See whats-the-most-robust-way-to-efficiently-parse-csv-using-awk for more information on processing CSVs with awk.

1
  • Note that it assumes there's consistent quoting in the input. For instance, it wouldn't deduplicate a,b,c and "a","b","c" rows. Commented yesterday
1

While miller seems like a good start solution I could not make sense of the documentation to sort the CSV file (allow for some stability).
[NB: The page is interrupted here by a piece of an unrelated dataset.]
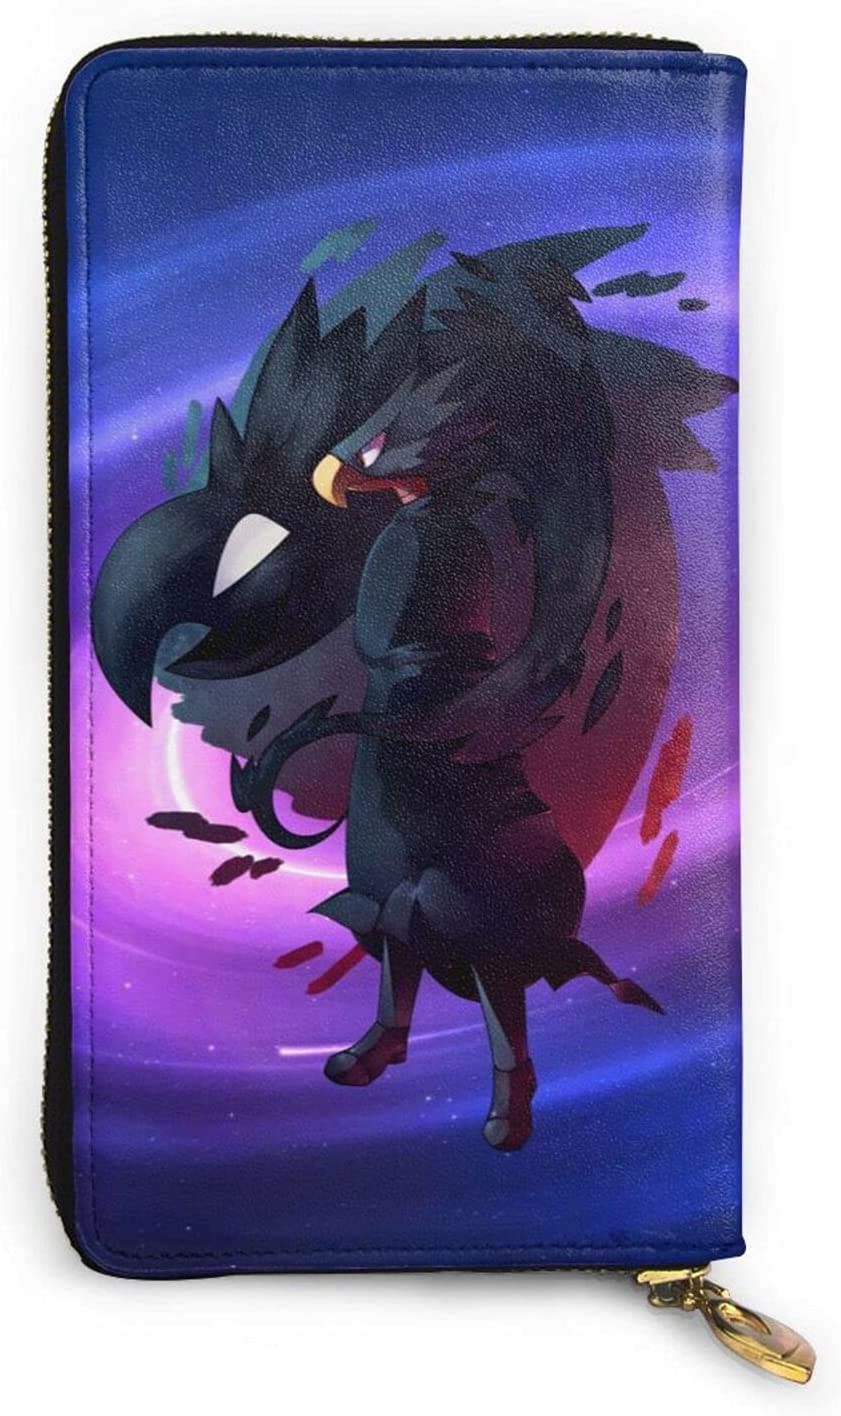 My Hero Academia Tokoyami New Shipping Free Fumikage Anime Wallet Leather Cartoon Fixed price for sale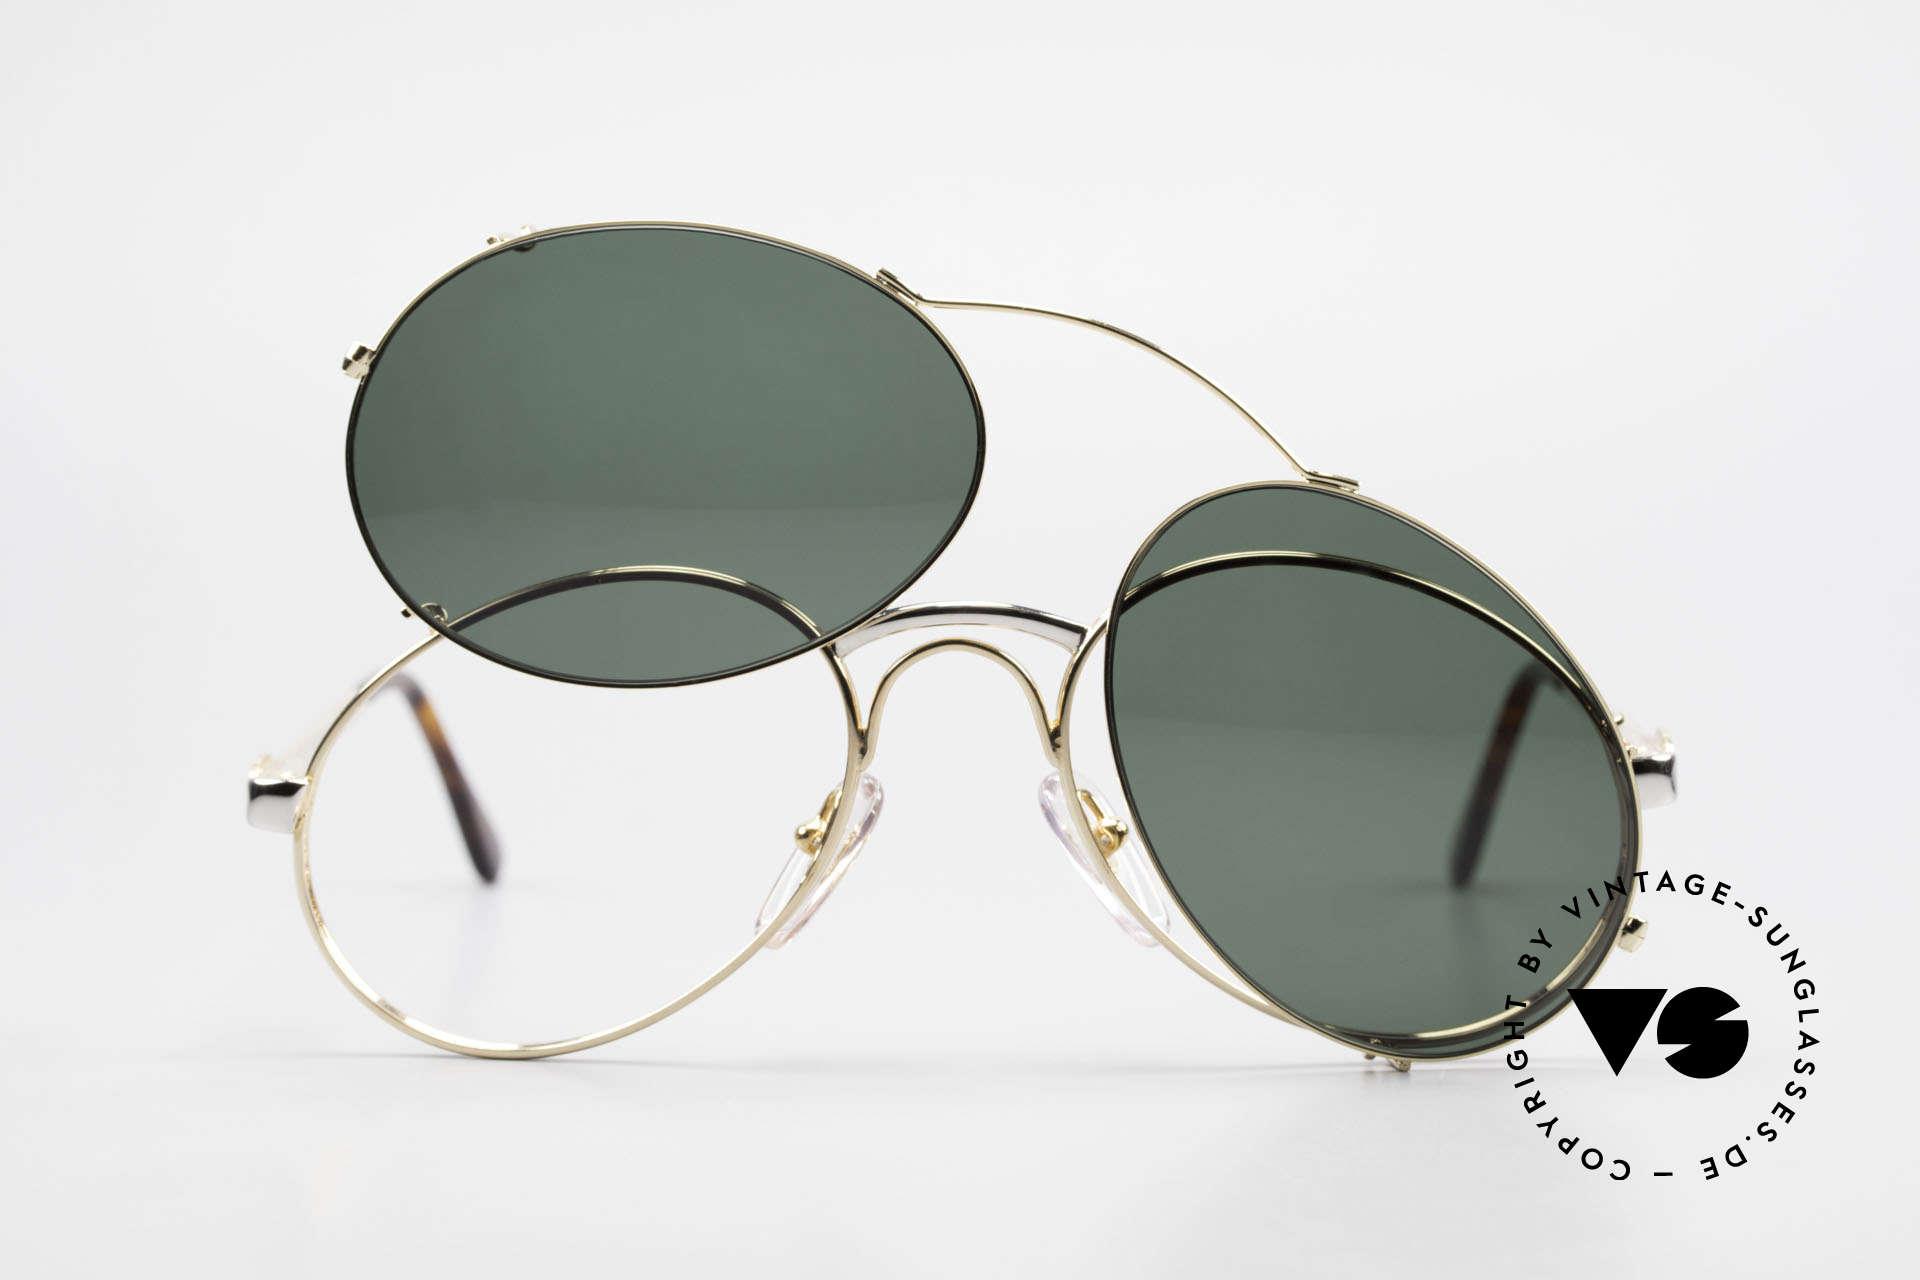 Bugatti 03308 Men's 80's Glasses With Clip On, NO RETRO fashion, but an authentic old 80's original, Made for Men

Instead I went back to csvkit documentation and I found this:

% csvsql --blanks --no-header-row --query \
  "select distinct * from 'reduced' ORDER BY a,b,c,d,e;" reduced.csv | sed 1d

I have both sorting and unicity in a single pass (assuming temporary file).

1
  • Strange that it lets you specify no header on input but not on output. See also tail -n+2 for a maybe more idiomatic/simpler/quicker (if not shorter) way to skip that first line. For comparison, mlr's -N is short for --implicit-csv-header --headerless-csv-output Commented yesterday
1

Another SQL-based option: DuckDB.

duckdb -noheader -csv  -c 'select distinct * from q.csv order by all'

"/0032,1064/*/0008,0104",RS0442,NULL,NULL,"TC ADDOME COMPLETO s/c mdc
TC CRANIO ENCEFALO s/c mdc
TC TORAC"
"/0032,1064/*/0008,0104",T51166,HUO,NULL,CUERPO COMPLETO
"/0032,1064/*/0008,0104",?,?,NULL,TAC ADDOME COMPLETO CMC
"/0008,1032/*/0008,0104",000102,AGFA,1,"GAMMAGRAFIA. ÓSEA CUERPO COMPLETO"
"/0008,1032/*/0008,0104",RS0442,NULL,NULL,"TC ADDOME COMPLETO s/c mdc
TC CRANIO ENCEFALO s/c mdc
TC TORAC"
1

If the deduplicated data plus a some overhead fits in RAM1, you can use Python's built-in csv library.

python -c '
    import csv;
    reader = csv.reader(open("reduced.csv", newline=""));
    writer = csv.writer(open("uniq.csv", "w", newline=""));
    writer.writerows(sorted(set(tuple(row) for row in reader)))'

This sorts the rows. Omit sorted to get the deduplicated rows in a random order.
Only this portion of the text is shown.